Your objective: Write out the data again exactly, skipping every picture.

Supplied material:
▼
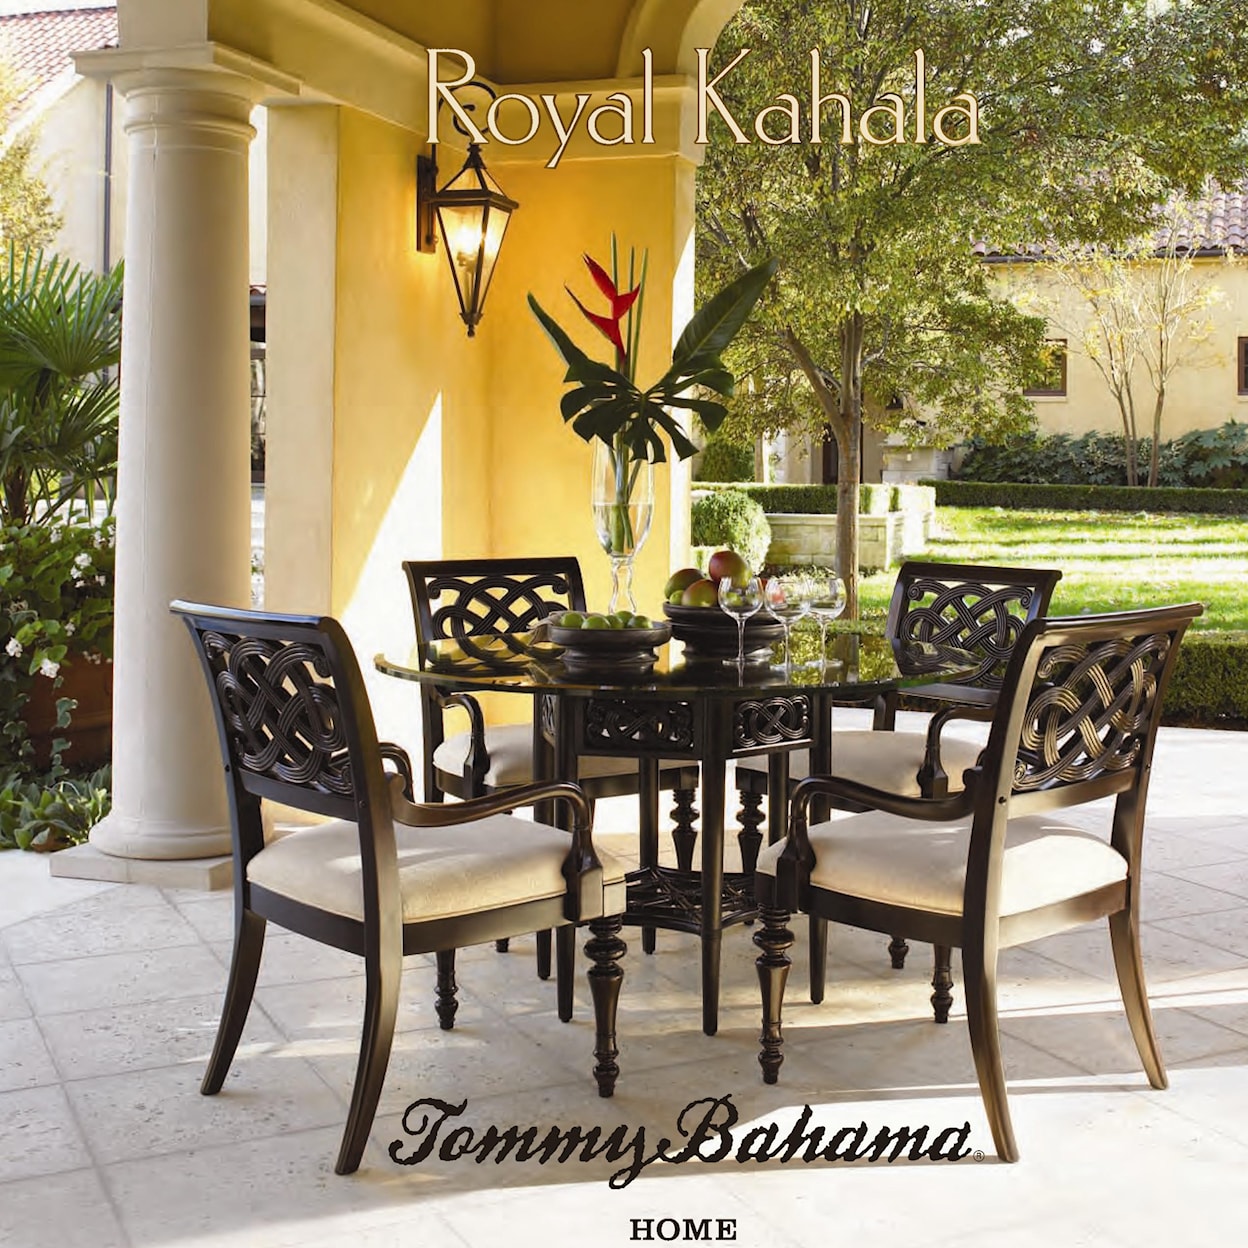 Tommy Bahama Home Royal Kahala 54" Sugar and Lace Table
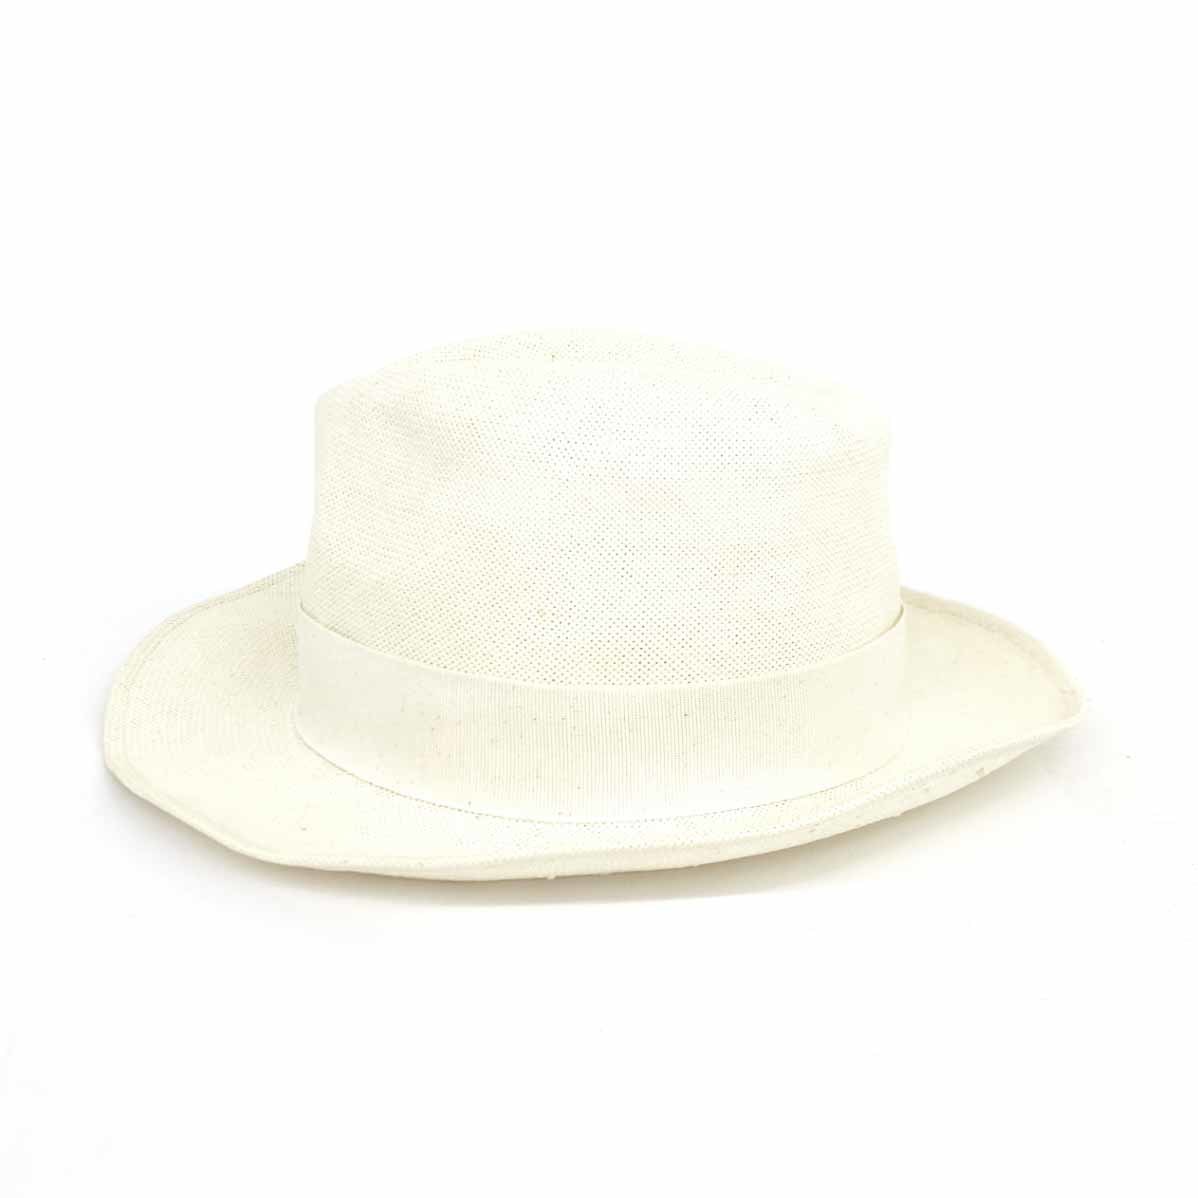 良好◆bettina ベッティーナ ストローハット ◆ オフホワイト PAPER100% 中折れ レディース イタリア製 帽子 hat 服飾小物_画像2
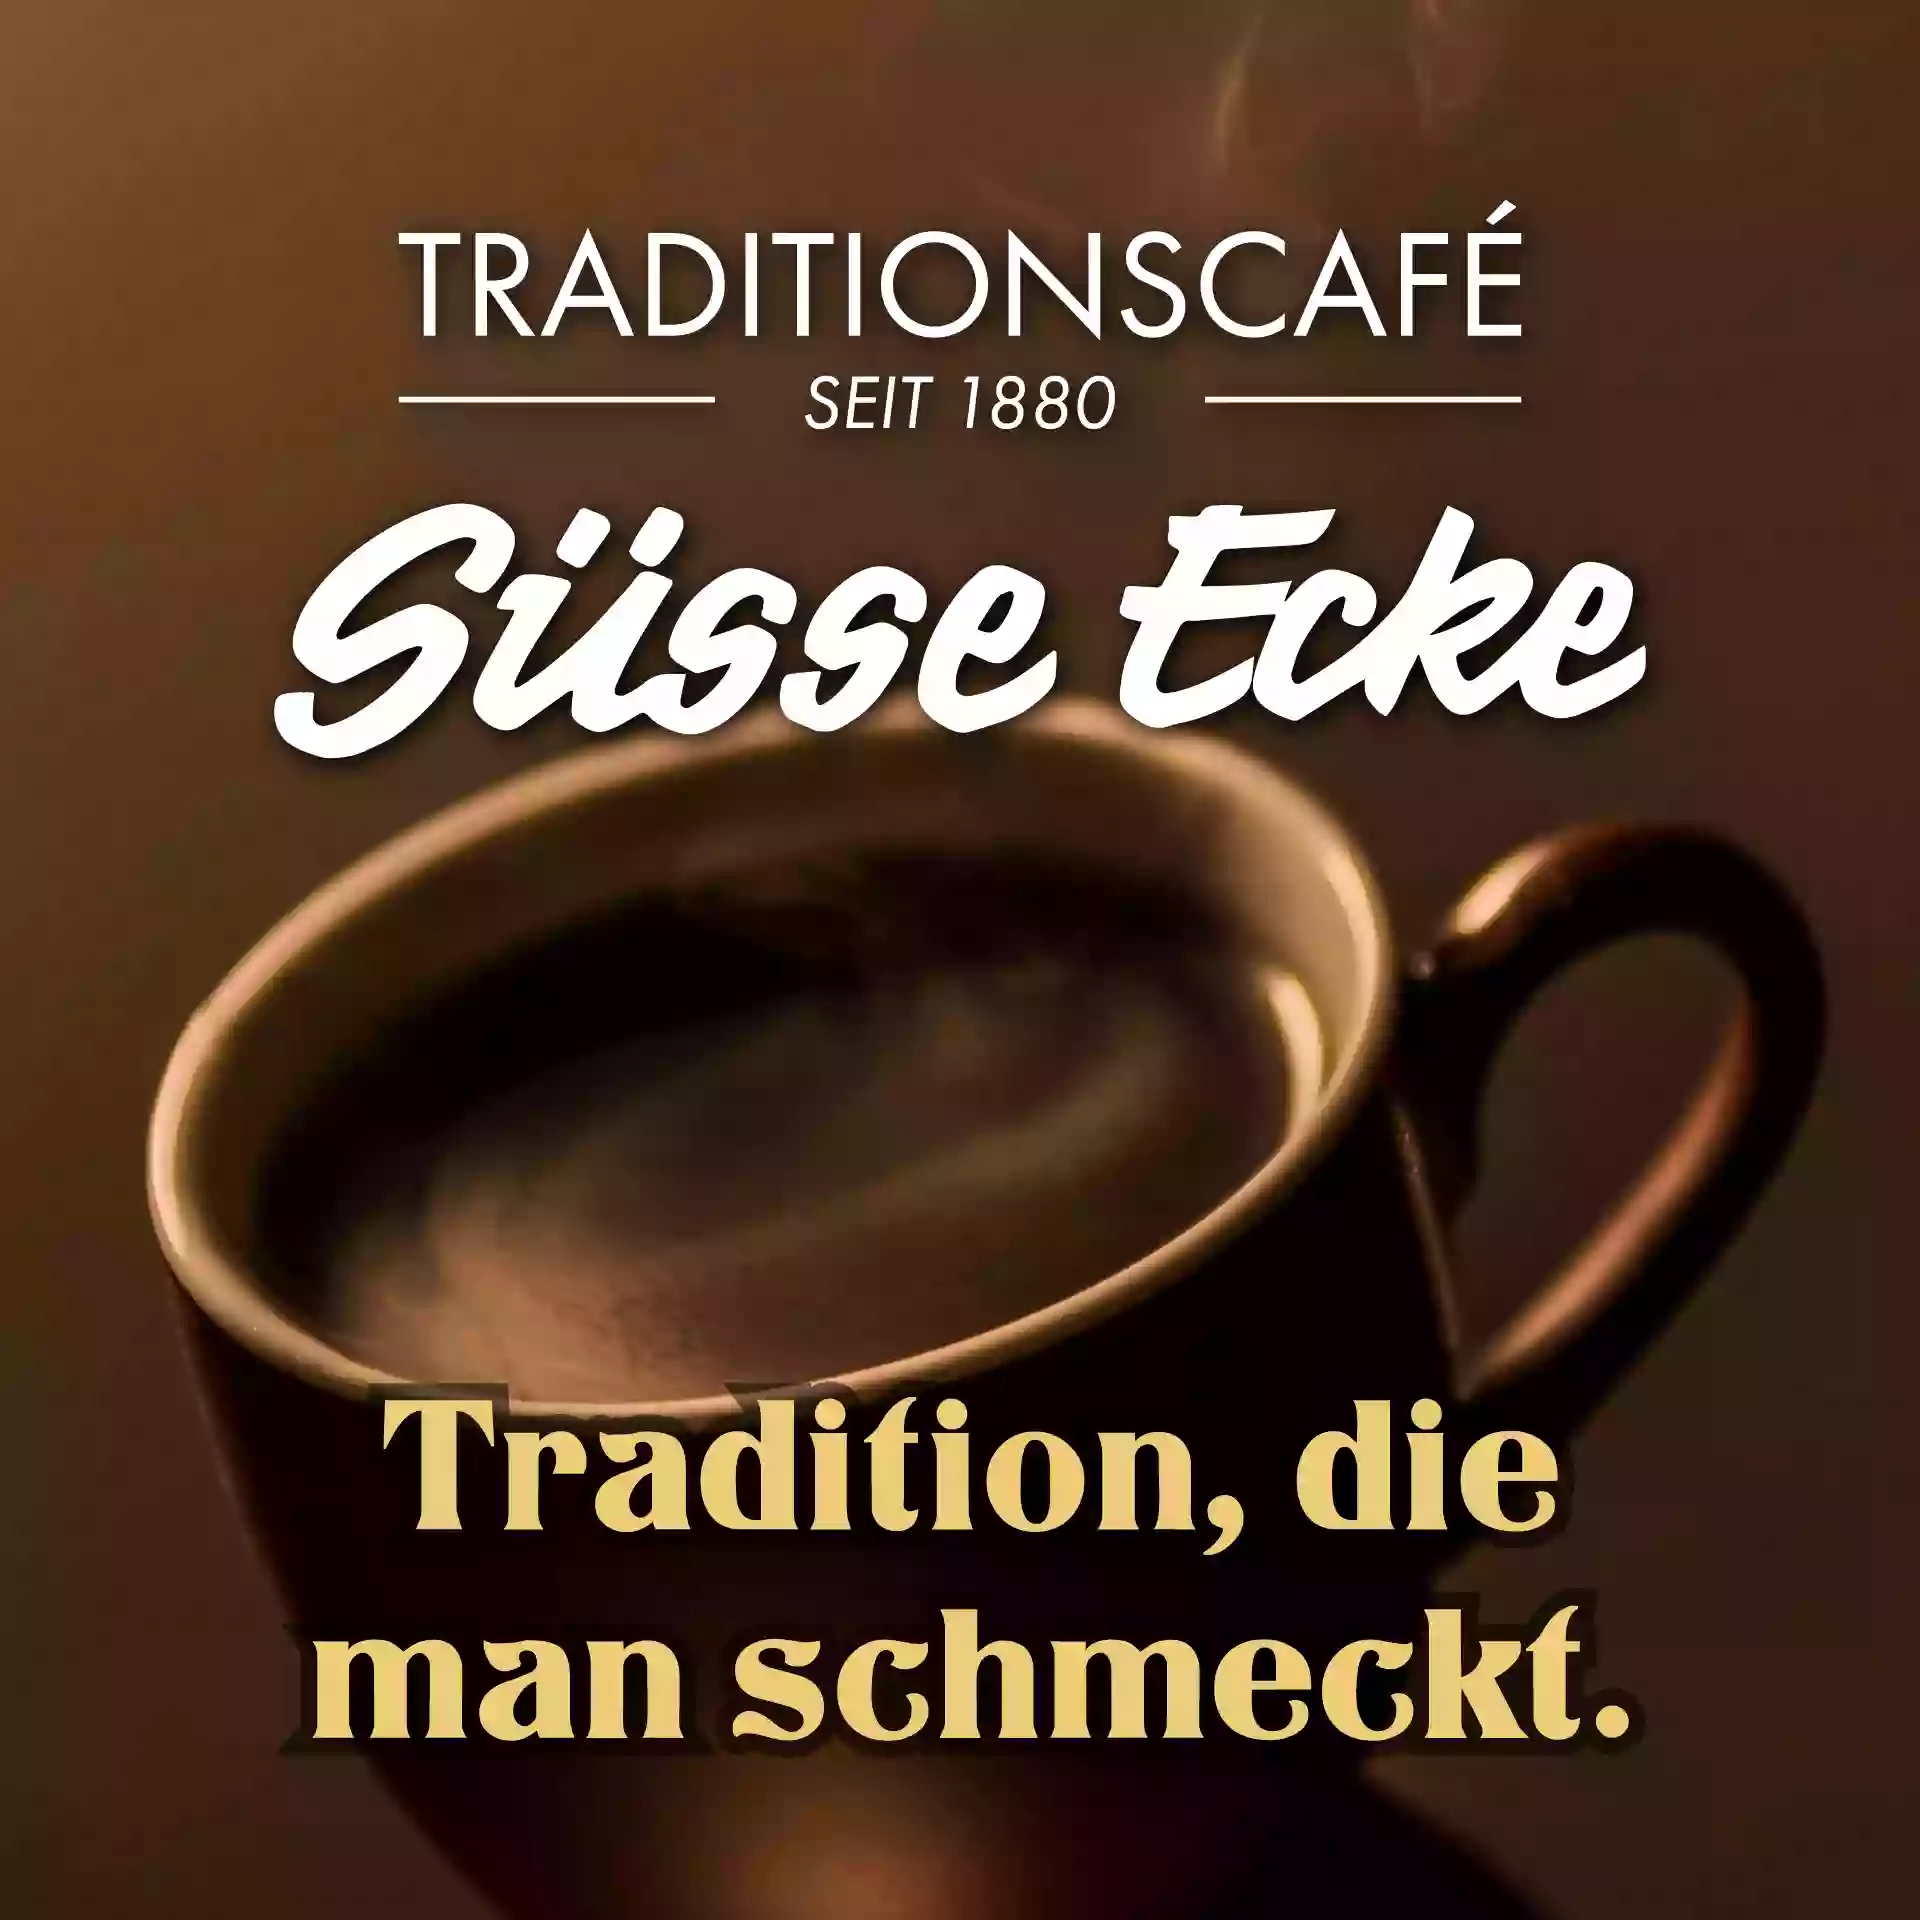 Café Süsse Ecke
▲
Result below:
 Tommy Bahama Home Royal Kahala 54" Sugar and Lace Table
 良好◆bettina ベッティーナ ストローハット ◆ オフホワイト PAPER100% 中折れ レディース イタリア製 帽子 hat 服飾小物_画像2
 Café Süsse Ecke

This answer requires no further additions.